Example of shear design

The shear design of a plate according to EN 1992-1-1 is presented by means of the design details (see example for statically required reinforcement, Figure 2.39).

In the detailed results, the shear forces determined in RFEM are shown first.

The required longitudinal reinforcement is determined from these internal forces.

The analysis of the shear resistance is shown further below in the details. It starts with determining the allowed tensile reinforcement in the direction of the principal shear force.

The second reinforcement direction at the bottom surface of the plate and the first reinforcement direction at the top surface of the plate are the only reinforcement directions to which tension is applied and which run approximately parallel to the direction of the principal shear force.

These yield the Applied Longitudinal Reinforcement a_sl of 0.61 cm²/m.
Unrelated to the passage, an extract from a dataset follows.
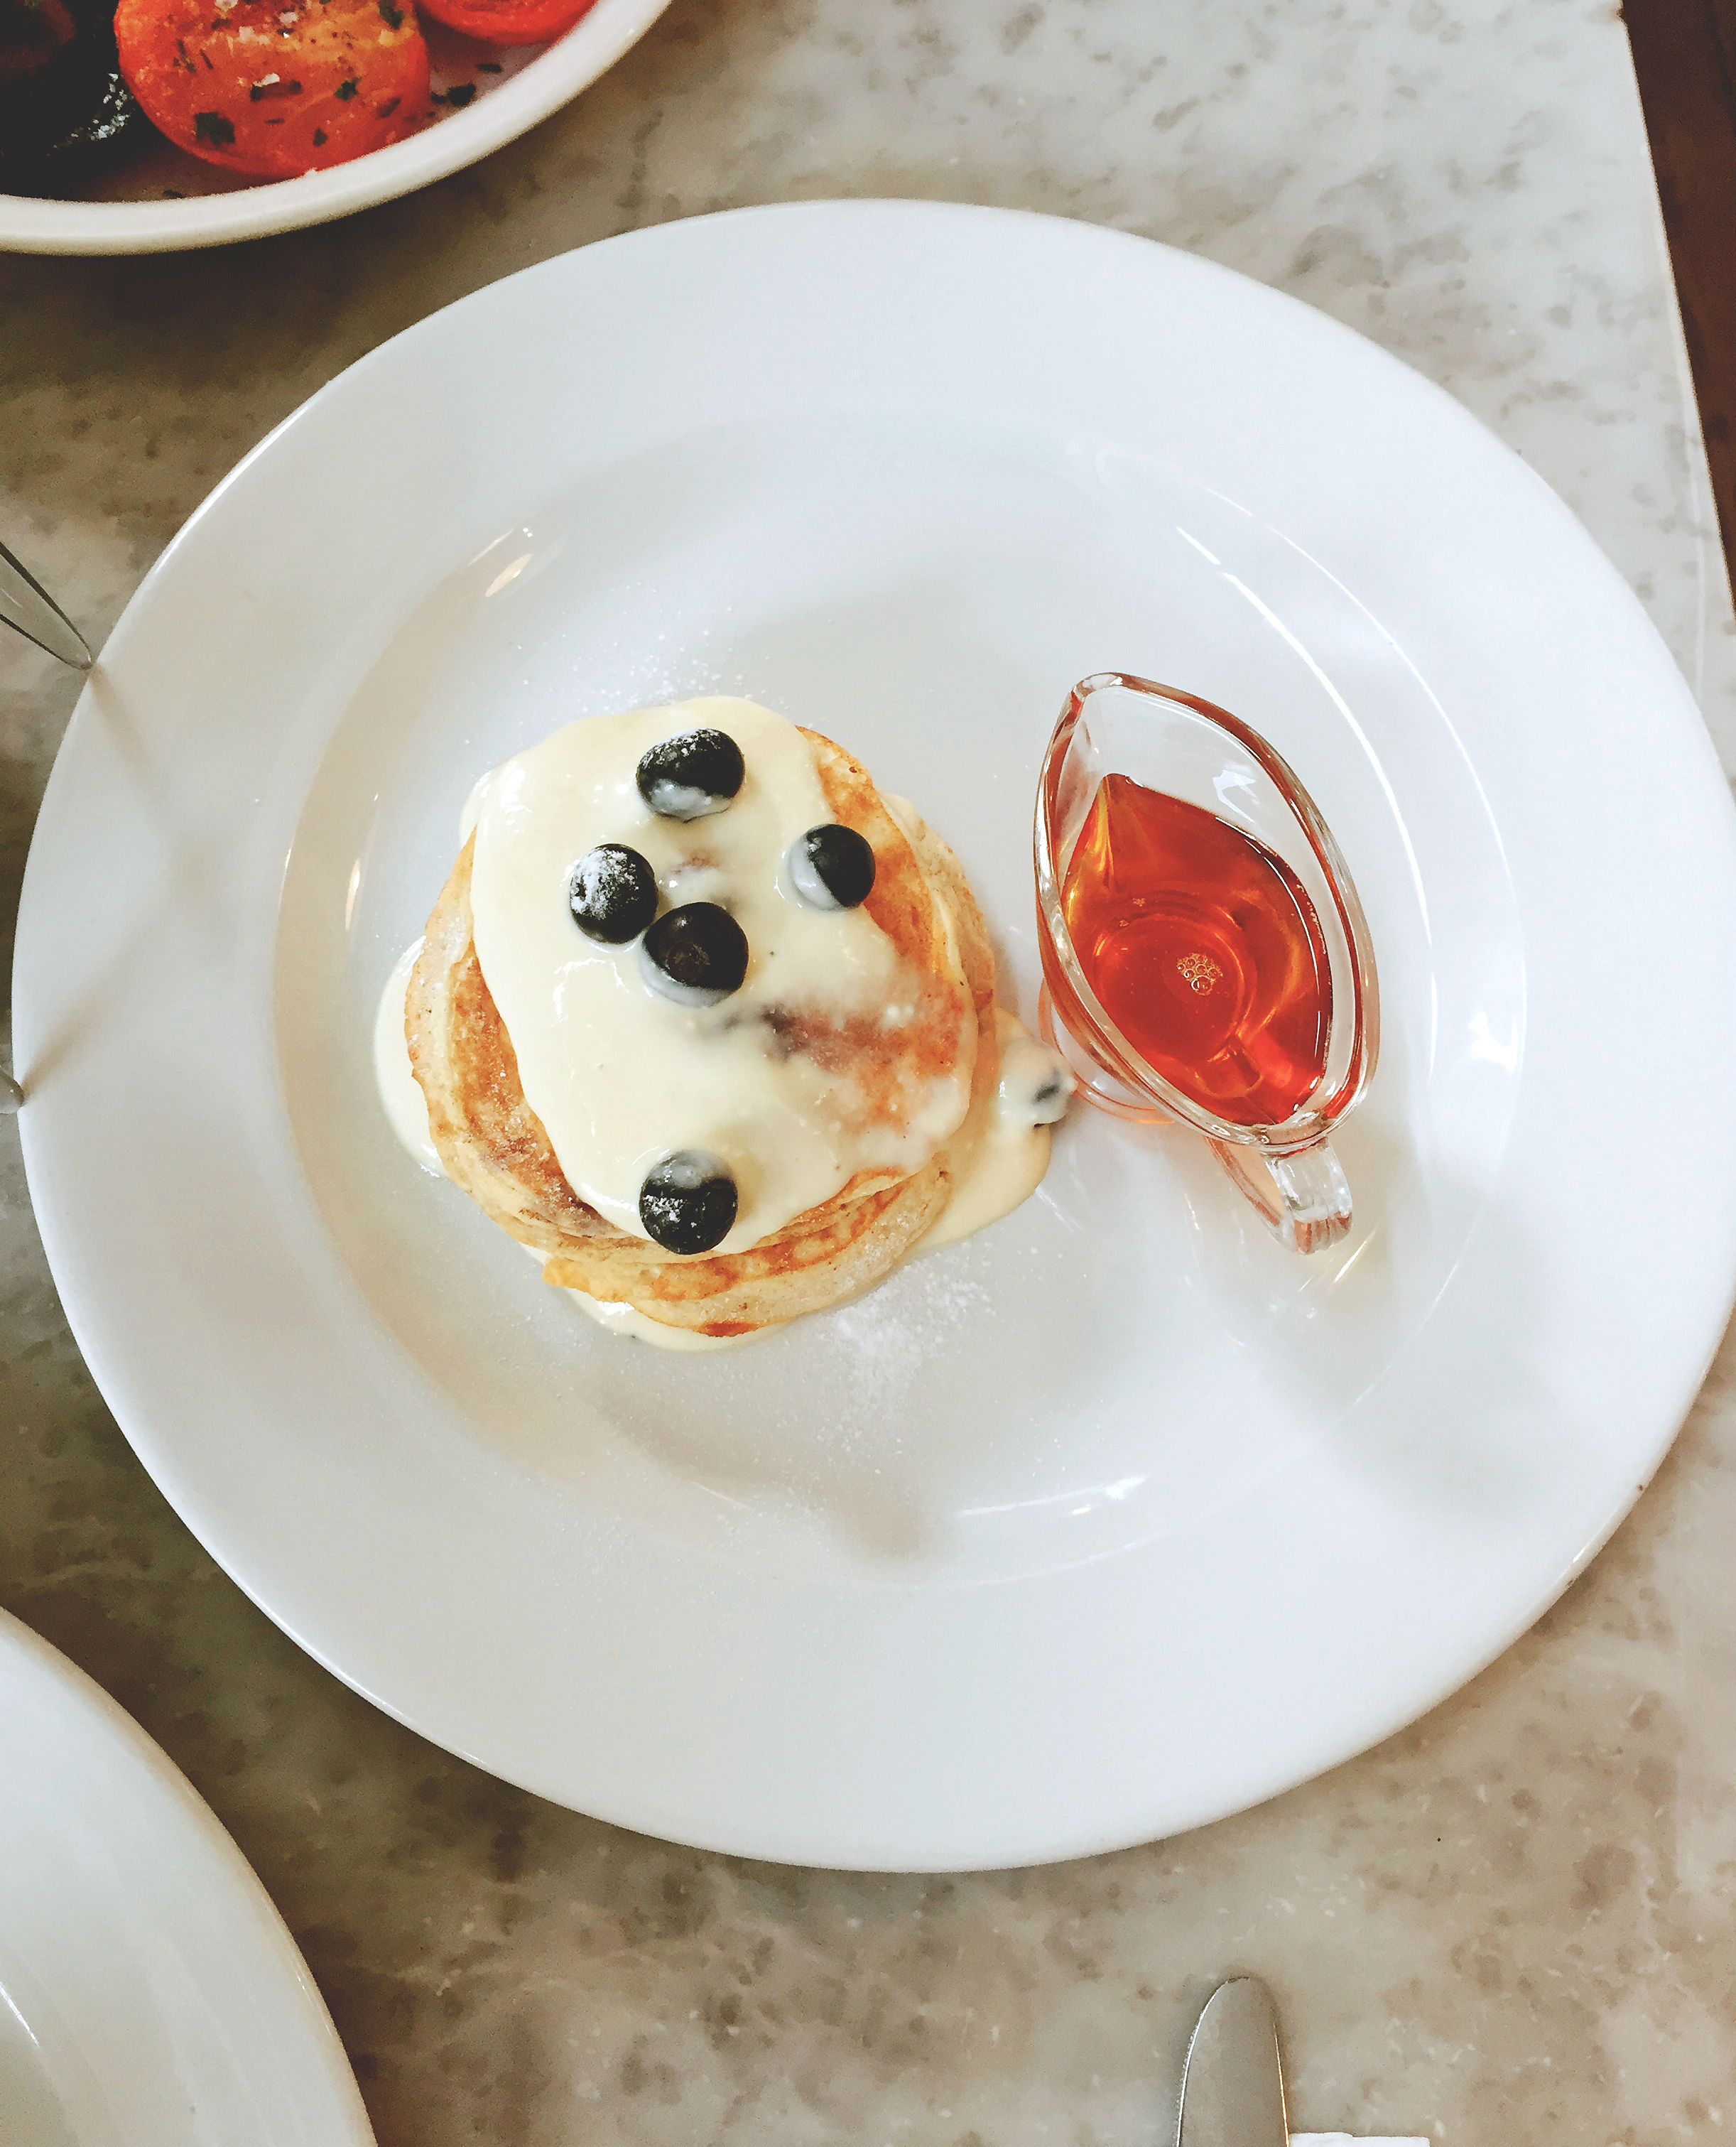 No.11 Restaurant Review - Pancakes

The shear resistance V_Rd,c of the plate without shear reinforcement is determined with the following parameters:

$C_{Rd,c} =\hspace{0.17em}\frac{0.18}{{\gamma }_c} =\hspace{0.17em}\frac{0.18}{0.15} =\hspace{0.17em}0.12$

$k =\hspace{0.17em}1 + \sqrt{\left(\frac{200}{d}\right)} = 1 + \sqrt{\left(\frac{200}{160}\right)} =\hspace{0.17em}2.11 \le 2.00 \to k =\hspace{0.17em}2.00 d \text{in [mm]}$

• d = 0.160 m

${\rho }_I =\hspace{0.17em}\frac{a_{sl}}{\left(b_w · d\right)} =\hspace{0.17em}\frac{0.613}{\left(100 · 16\right)} =\hspace{0.17em}0.000383 \le 0.02$

• b_w = 1.00 m
• f_ck = 20.0 N/mm²   for concrete C20/25
• k₁ = 0.15
• σ_cp = 0.00 N/mm²   for concrete C20/25

The same result can be found in the design details:

The shear resistance V_Rd,c of the plate without shear reinforcement is compared to the acting shear force V_Ed.

• V_Rd,c = 35.142 kN/m ≥ V_Ed = 29.56 kN/m

It has therefore been determined that the shear resistance of the plate without shear reinforcement is sufficient and no further checks are necessary.